Having functional headlights is not the same as having well formed eye catching headlights.

 

Do you have anything that is very eye catching? Something that sets you apart from other girls?

 

For the record, I don't assume EVERY little thing is about my looks. For example, I assume I have difficulties in my friendships because I am overly serious, like to talk about unpopular/boring topics ("Did the industrial revolution help, or hurt, the domestic sphere?"), love to debate (not to play devil's advocate, I just love examining all angles of a situation but that can get very tedious) and have extreme difficulty with small talk. These I consider socially maladjusted tendencies, but aren't that big a cause for concern in areas like friendships or a reserved work environment.

In dating, however, these flaws COMBINED with a less-than-ideal physical appearance is not desirable.
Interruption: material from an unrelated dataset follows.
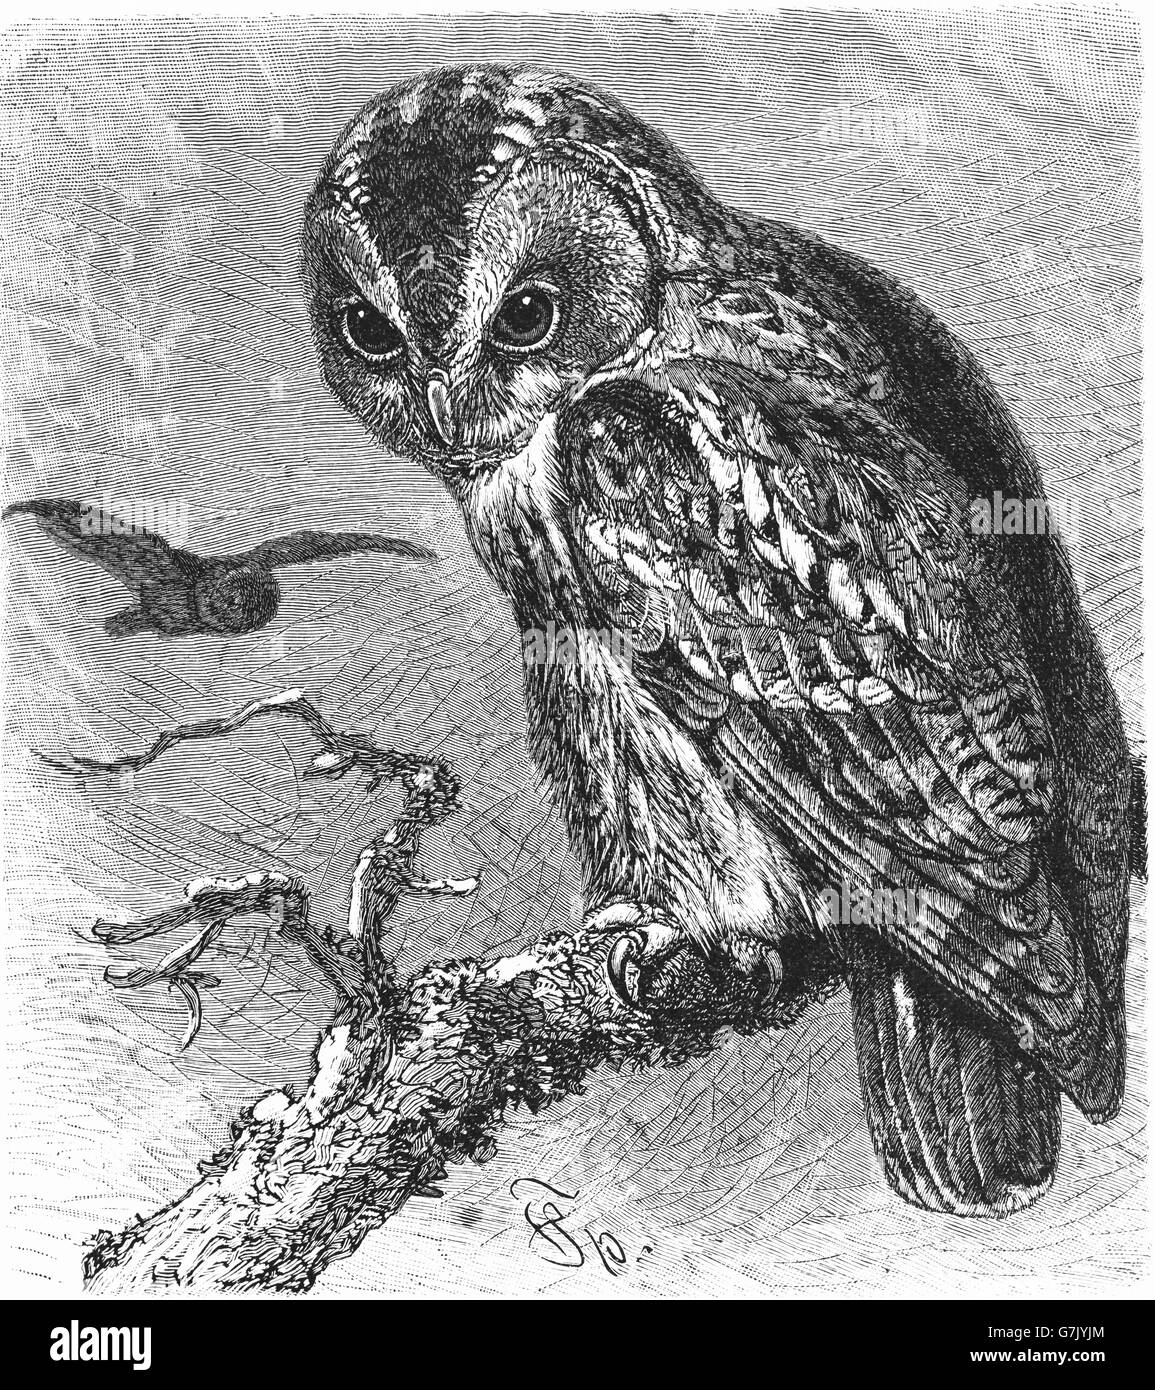 Chouette hulotte, Brown Owl Strix Aluco enr, illustration de livre, datée du 1904 Banque D'Images
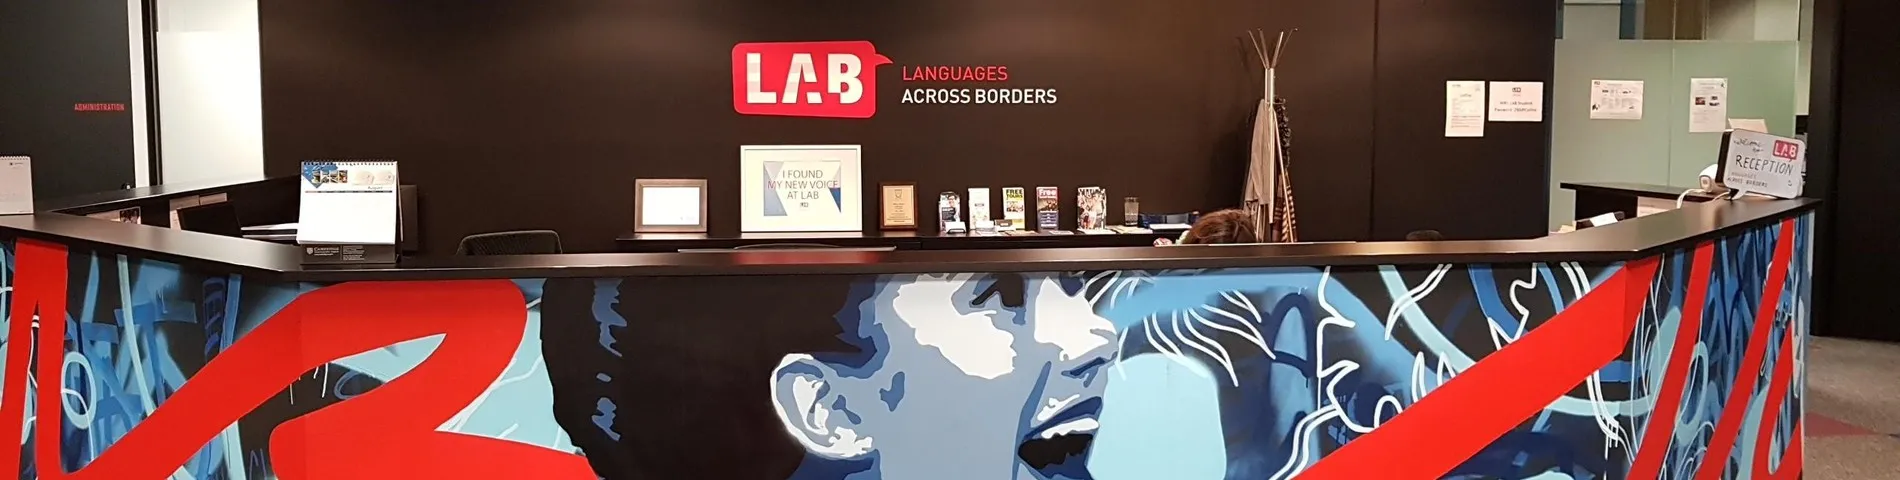 Imatge 1 de l'escola LAB - Languages Across Borders

It's playing with a disadvantage on several sides. I focus on my looks, however, because that is what I have been TOLD to focus on. Ex-boyfriends, male friends... they've all zeroed in on my appearance as my problem in the dating world.

 

Those are not negative personality flaws. TONS of guys love women like that. Especially the more intellectual guys. My cousin would go crazy for those particular traits in you. He feels like most of the women he meets are overly vapid and unable to talk about deep topics like the industrial revolution. He sucks at small talk too... ect.

 

Why do you think these are negative traits? They are only negative with the wrong guy.

 

What is the correct amount of importance to put into looks?? My assumption has always been that guys need to be physically attracted to a woman. Am I incorrect in this assumption?

 

It's going to depend on the guy, BUT if you already have his attention it means you have passed most of this test.

 

Fact is that not every guy is attracted to the same thing. You want to select for guys who like your most positive physical features.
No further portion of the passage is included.